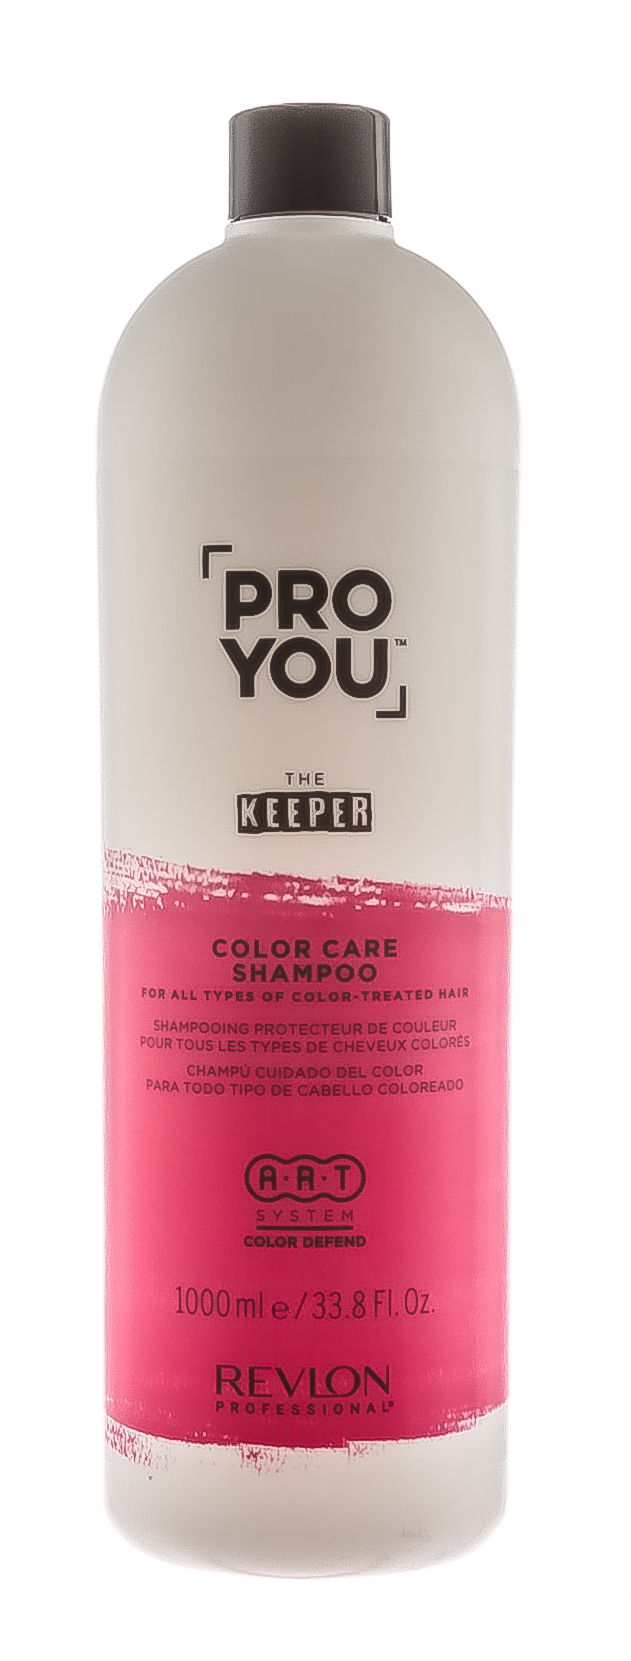 Купить Revlon Professional Шампунь защита цвета для всех типов окрашенных волос Color Care Shampoo, 1000 мл (Revlon Professional, Pro You), США
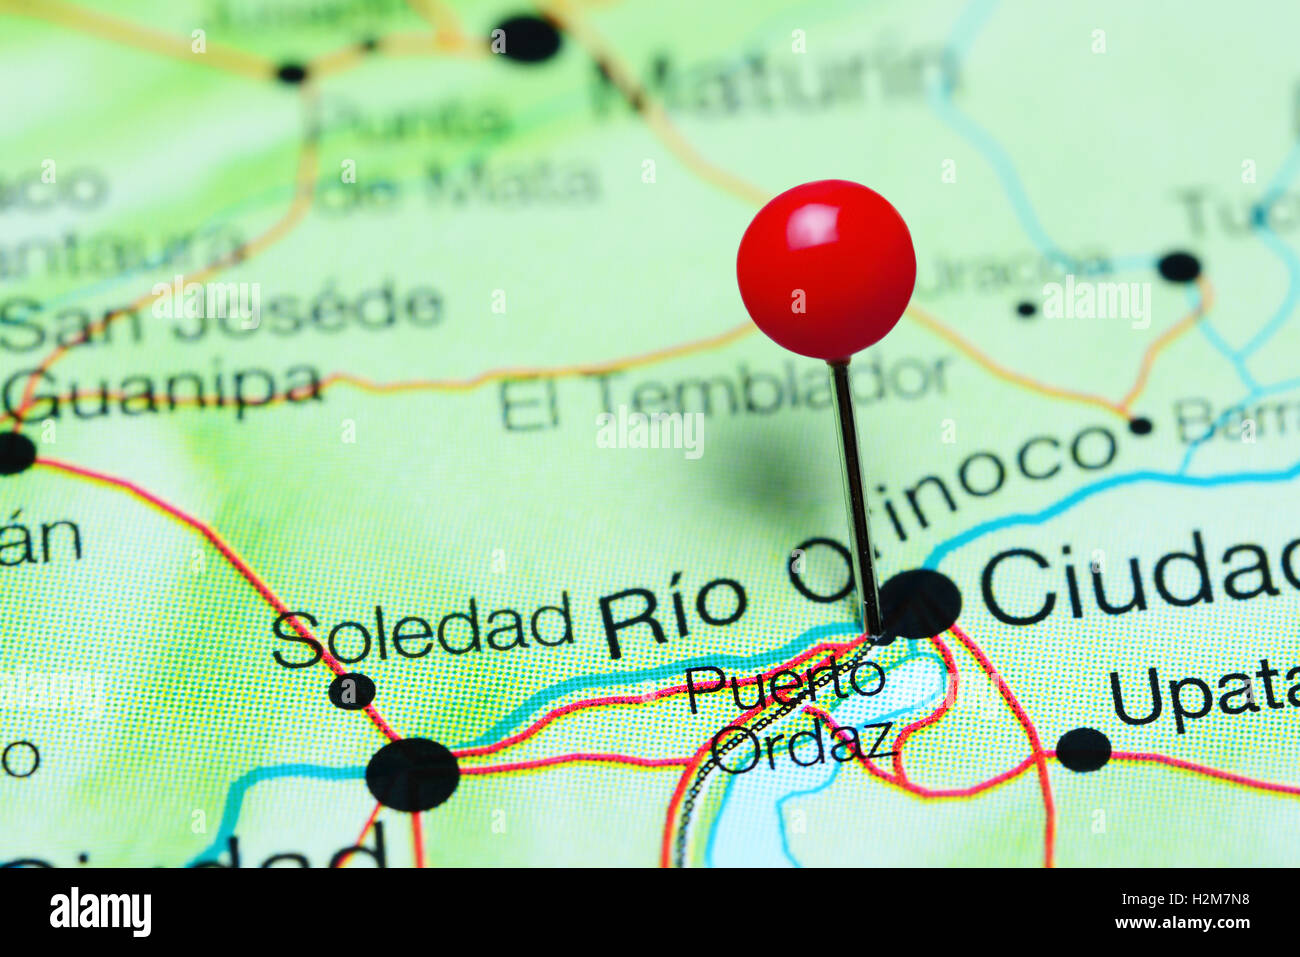 Puerto Ordaz anclado en un mapa de Venezuela Fotografía de stock - Alamy
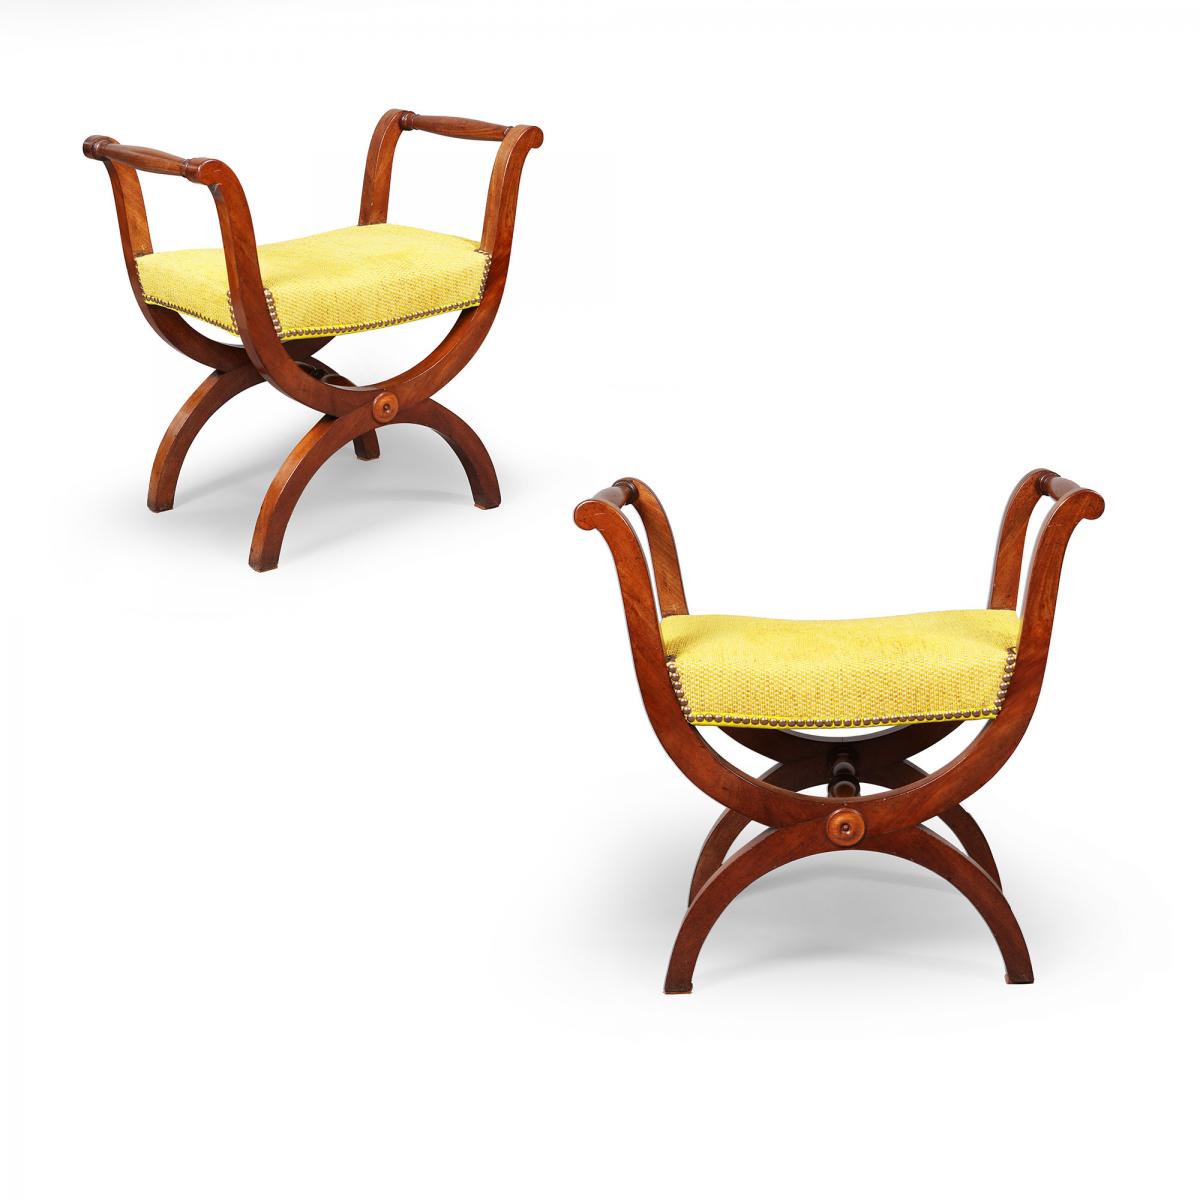 A pair of mahogany X frame stools
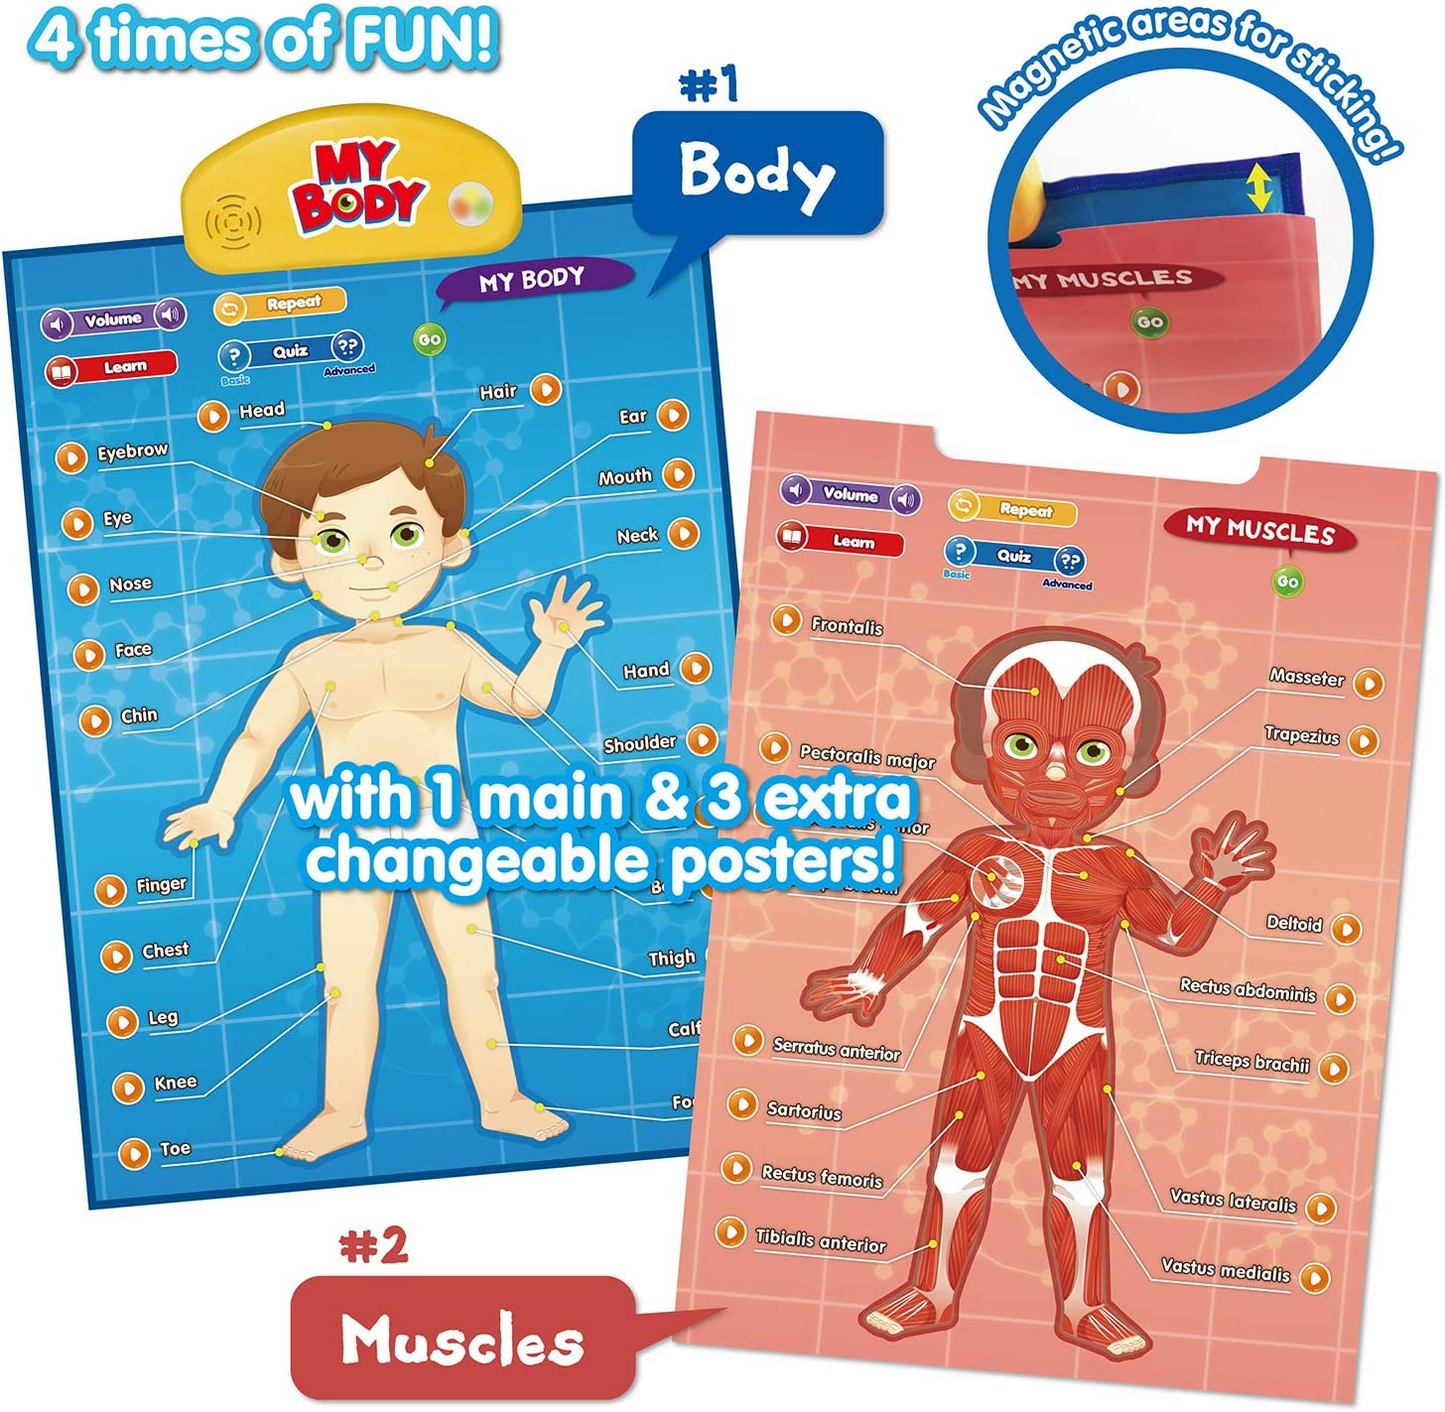 BEST LEARNING i-Poster My Body - Jogo Interativo Educacional de Anatomia Humana Falando Sistema de Brinquedo para Aprender Partes do Corpo, Órgãos, Músculos e Ossos para Crianças de 5 a 12 Anos

TO DO: Your answer should reproduce every line of the data verbatim and include no images.

ANSWER FOR THIS EXERCISE:
 Купить Revlon Professional Шампунь защита цвета для всех типов окрашенных волос Color Care Shampoo, 1000 мл (Revlon Professional, Pro You), США
 Puerto Ordaz anclado en un mapa de Venezuela Fotografía de stock - Alamy
 A pair of mahogany X frame stools
 BEST LEARNING i-Poster My Body - Jogo Interativo Educacional de Anatomia Humana Falando Sistema de Brinquedo para Aprender Partes do Corpo, Órgãos, Músculos e Ossos para Crianças de 5 a 12 Anos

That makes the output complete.